Varinat call format (VCF)

The generated VCF output contains all variants affecting uORF sequences. Each variant is annotated with the following INFO fields: uORFs, uORFs_ATG, uORFs_eff. The description of fields is given below:

  • uORFs - a full consequence annotation for each variant-uORF combination.
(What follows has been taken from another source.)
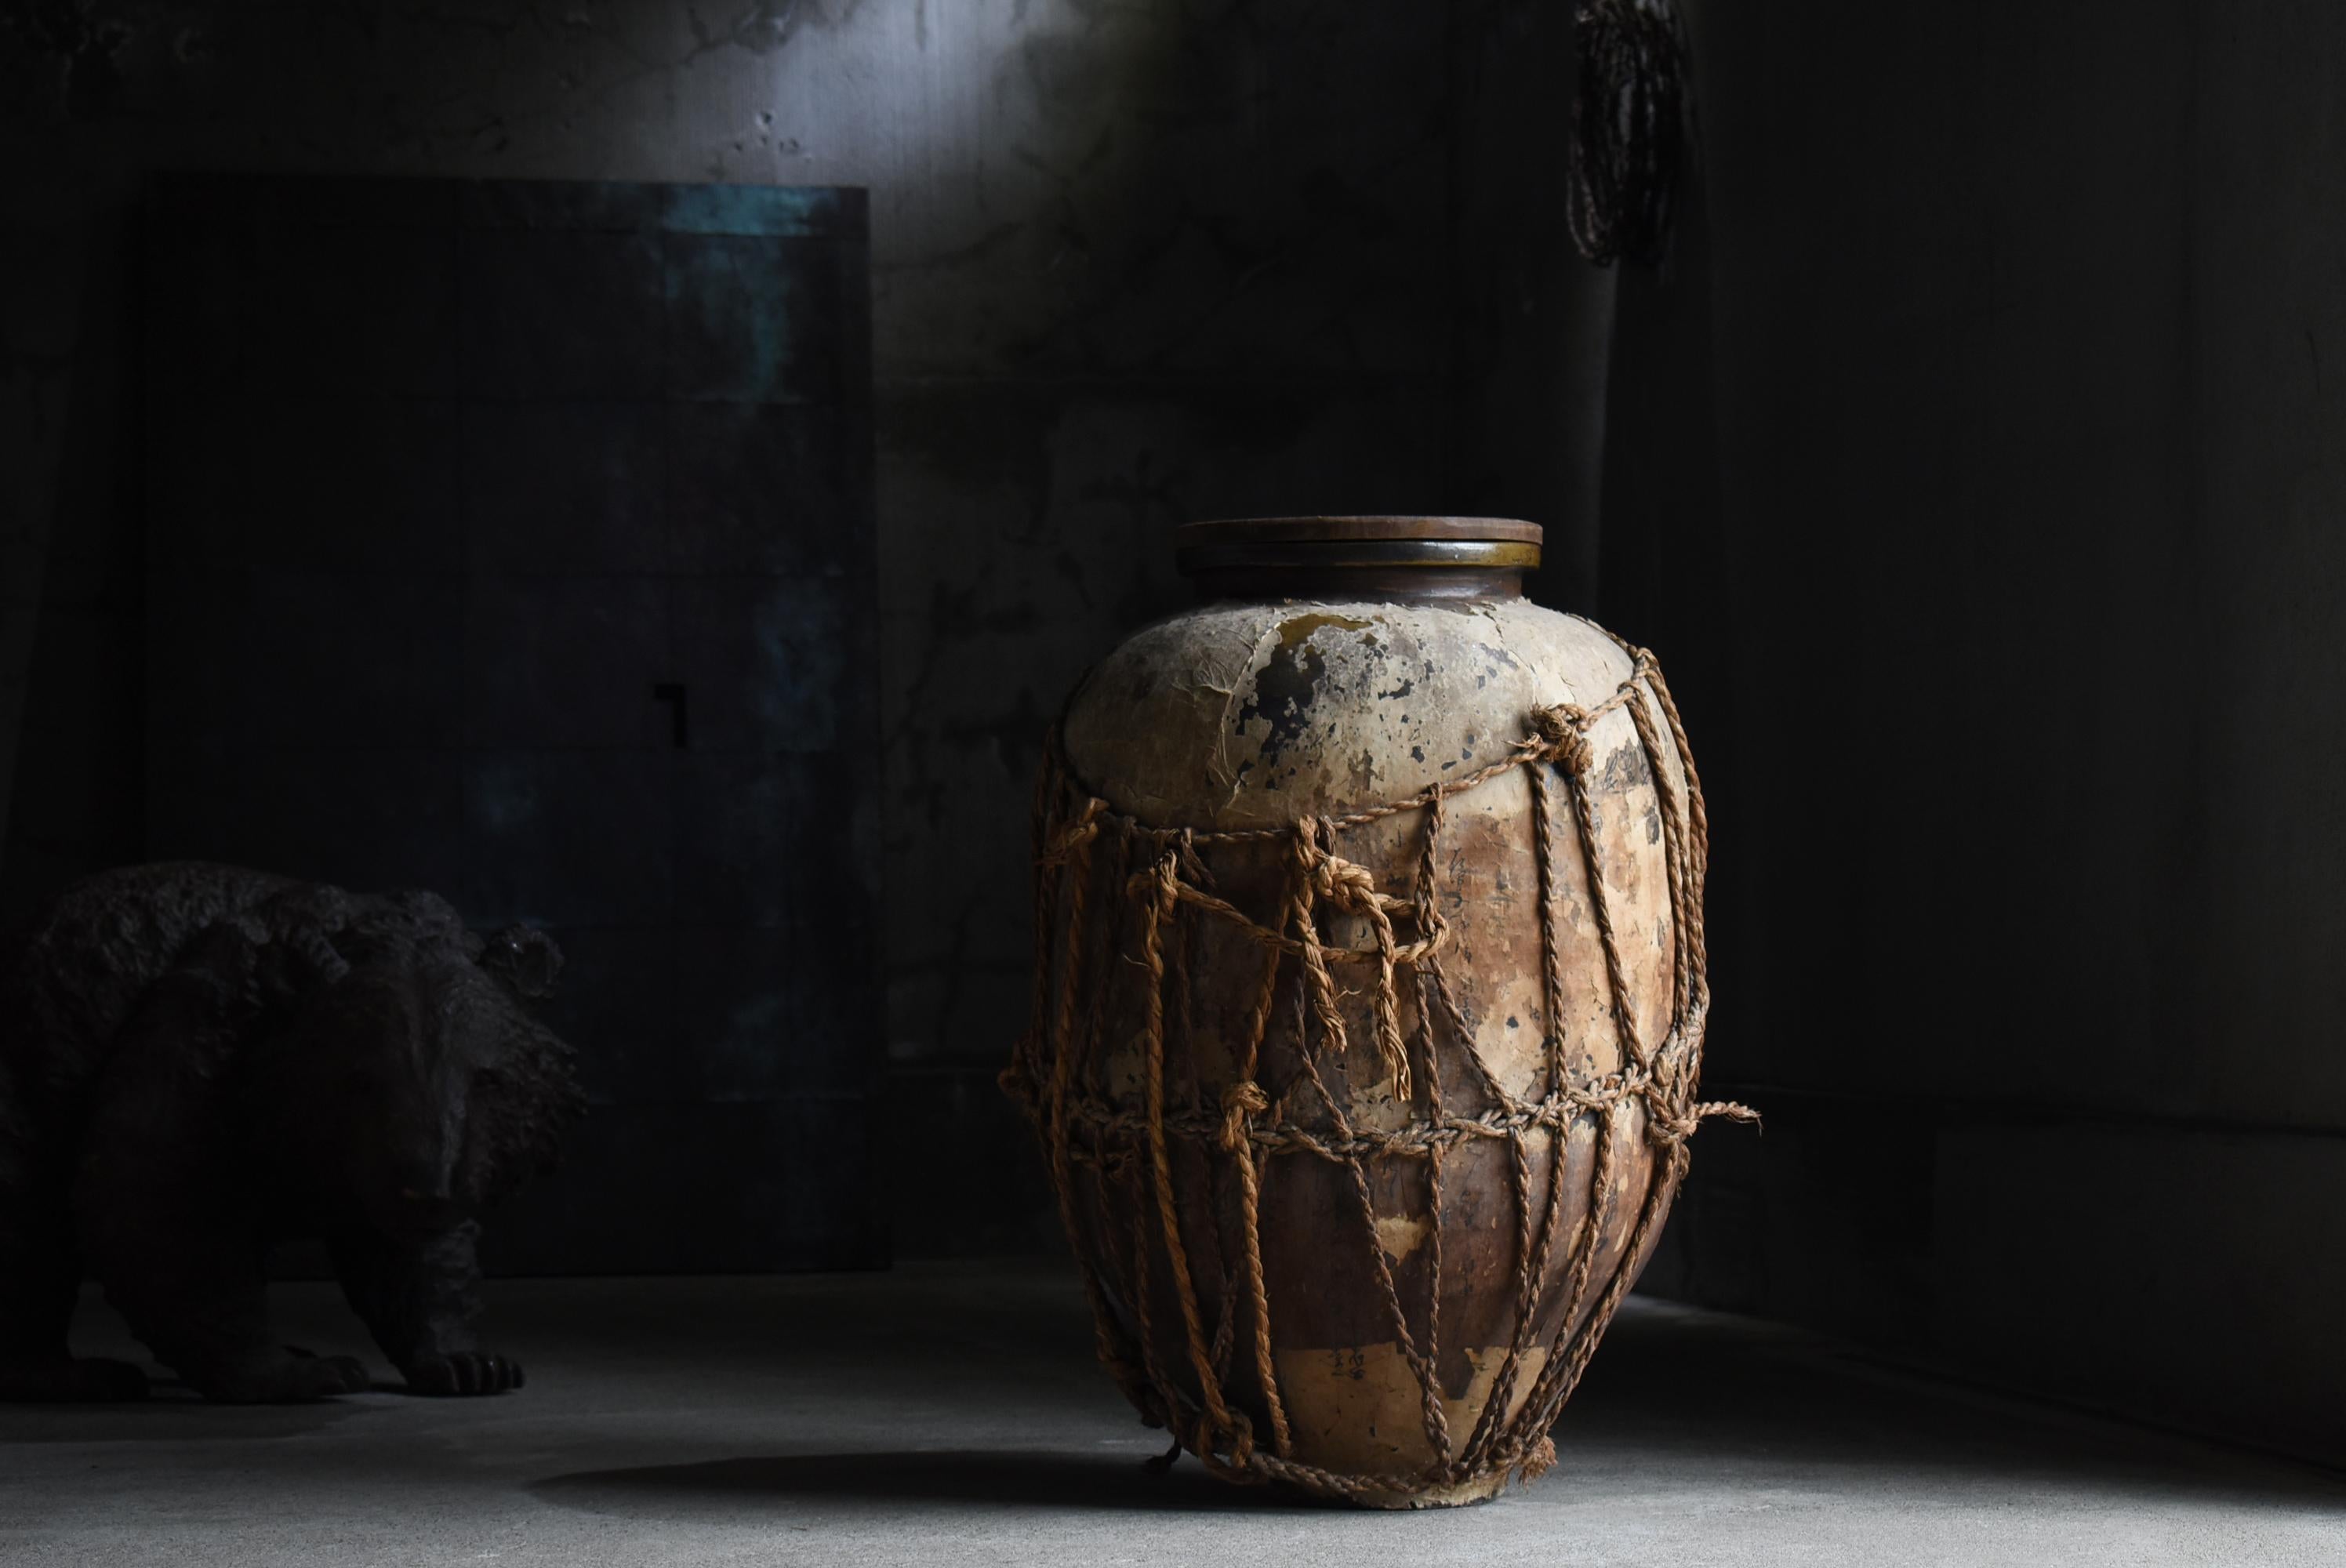 Japanese Antique Large Pottery Vase 1860s-1900s / Flower Vase Vessel Wabi Sabi 13

Format: 'ORF_START|ORF_END|ORF_SYMB|ORF_CONSEQ|main_cds_effect|in_known_CDS|in_known_ORF|utid|overlapping_type|dominance_type|codon_type'
  • uORFs_ATG - a flag indicating if a variant falls within at least one ATG-starting uORF.
  • uORFs_eff - a short notation of how a change in uORF structure resulting from a variant affects the main coding part (СDS) of a gene. ext - N-terminal extension, overl - out-of-frame overlap, activ - overlap removal with possible main ORF activation, unaff - no effect on main CDS. If the variant falls into more than one uORF, the effects on them are listed through &

BED format

uORF Annotator generates two BED files with uORFs affected by variants that alter the uORF length (one file contains ATG uORFs and the other contains non-ATG-started uORFs). Both BED files contain two entries for each affected uORF:

  1. initial uORF, its name field format: uORF_unique_number-gene_name|uORF_type|start_codon_type(ATG/non-AT), filled with black color;
  2. resulting uORF after introduction of a variant, its name field format: uORF_unique_number-gene_name|variant|variant_type|main_CDS_effect, filled with different colors depending on the effect. Color legend:
  • Grey features - cases when the variant does not change the overlap between uORF and main CDS.
  • Orange features - cases when (a) uORF-truncating variant eliminates the existing overlap between uORF and main CDS; or (b) variant leads to the production of a chimeric protein product of the gene, possessing an extension at the N-terminus resulting from uORF translation
  • Red features - cases where variant leads to the appearance of a new overlapping segment between uORF and main gene CDS, with the two sequences translated in different frames.

Supplementary data files

This repository contains two additional files:

  1. Annotated_uORFs_and_alt.CDS.starts_v4.8.bed - Manually annotated alternative open reading frames (including non-overlapping and overlapping uORFs, CDS_extensions and CDS_truncations) found in 3641 human genes from the OMIM database . BED-file, field "name" contains information about 'gene_name|isoform|type_of_ORF|start_codon'.
  2. High-confidence_uORFs_v2.bed - List of high confidence uORFs found in 3641 human genes from the OMIM database. In this list, we included only uORFs predicted in at least two out of four different studies (the present study, Ji et al. (PMID: 26687005), McGillivray et al. (PMID: 29562350), Scholz et al. (PMID: 31513641)). BED-file, field "name" contains information about 'gene_name|isoform|type_of_uORF|type_of_start_codon(ATG/non-ATG)'.